Tym razem podejmuję drastyczny krok czyli zabieram się za dietę kopenhaską. Właściwie to już się za nią zabrałam i właśnie kończę dzień drugi. 5 lat temu schudłam na tej diecie 7kg, ale to były czasy, gdzie trenowałam zawodowo piłkę ręczną, więc waga potem spadała dalej. Teraz minęły już ponad 4 lata od zakończenia kariery i od tego czasu przytyłam jakieś 15kg.
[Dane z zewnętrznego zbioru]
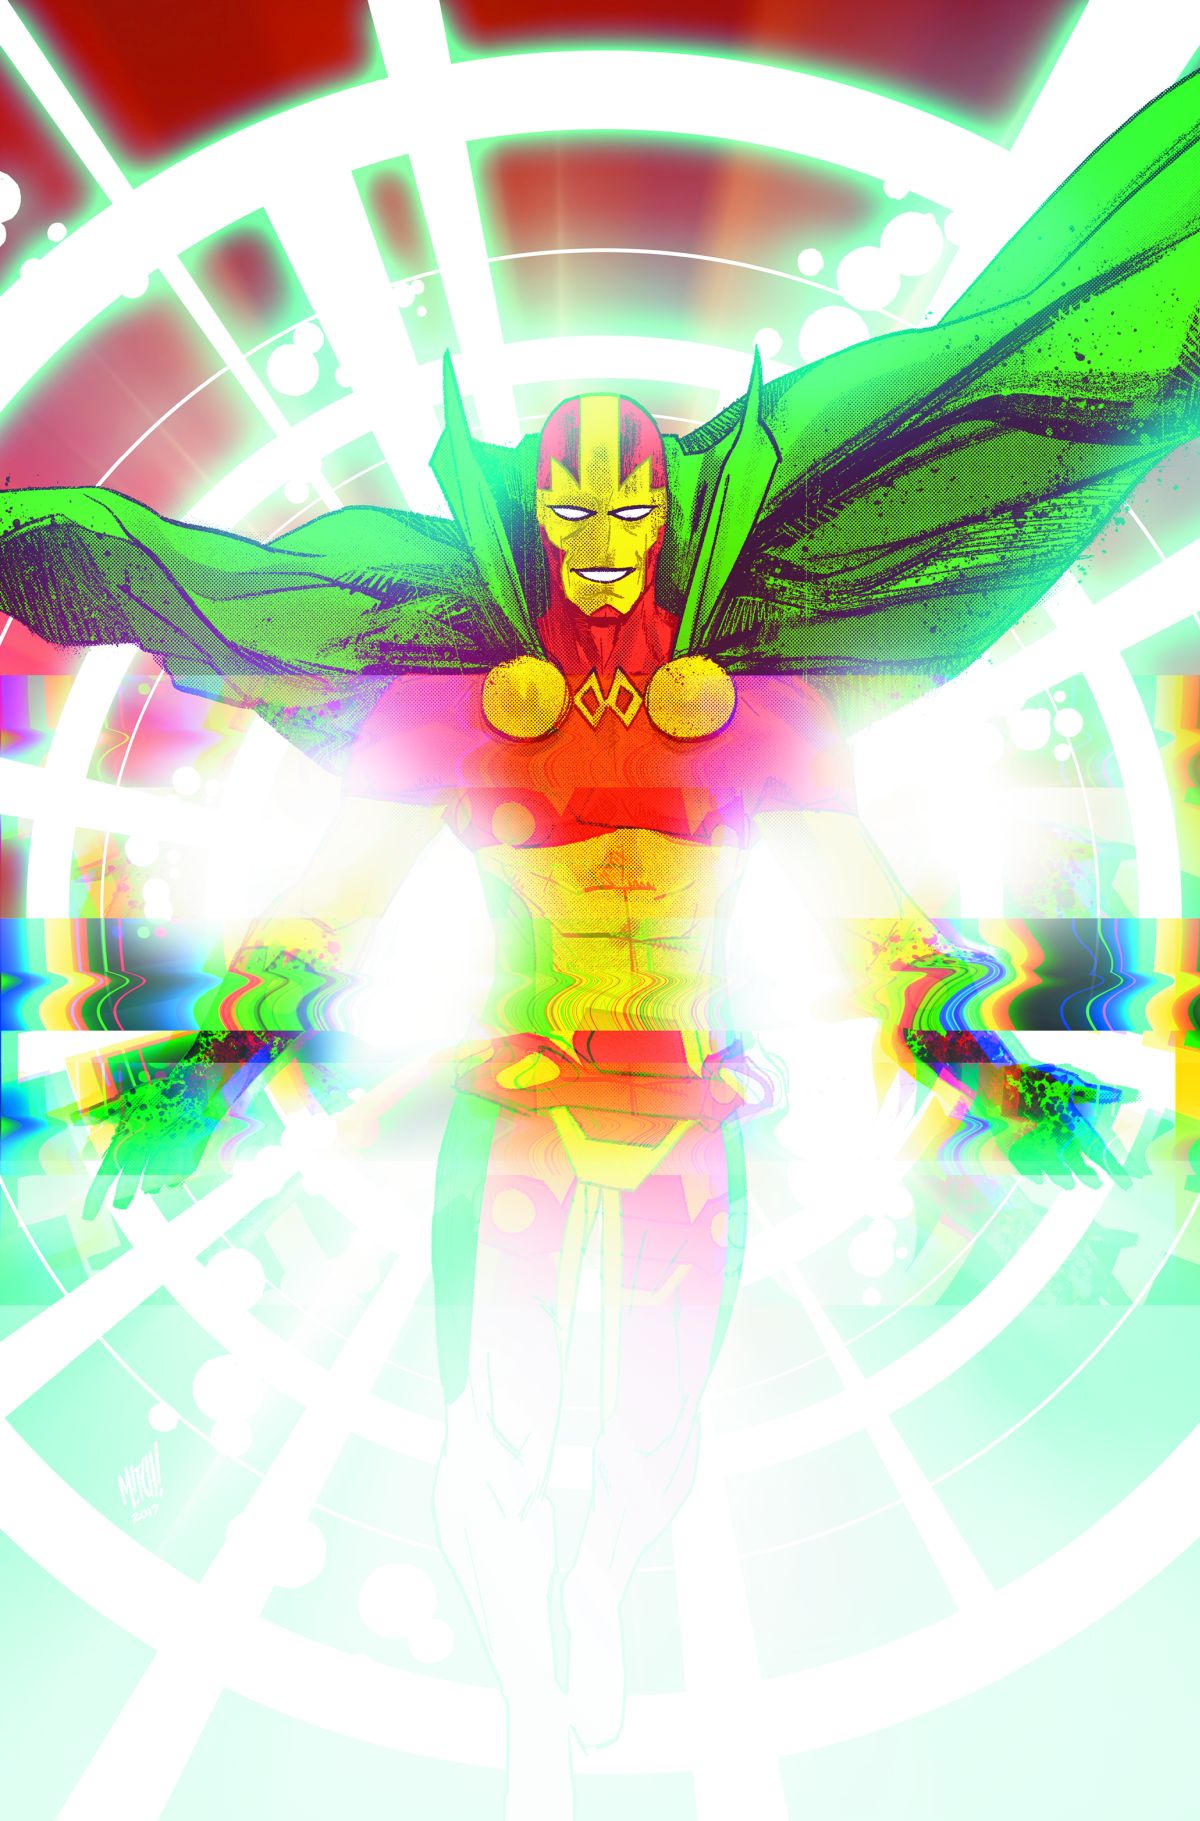 MISTER MIRACLE TP

Wzięłam sobie 2 dni wolnego w pracy, co razem z weekendem i świętem wypadającym w środę daje 5 dni, podczas których skupiam się na maxa na zrzuceniu kilogramów i ćwiczę 2 razy dziennie. Na razie pomimo niewielu dostarczanych kalorii jestem bardzo zmotywowana i wciąż pełna energii! Trzymajcie kciuki! Ja za Was trzymam :)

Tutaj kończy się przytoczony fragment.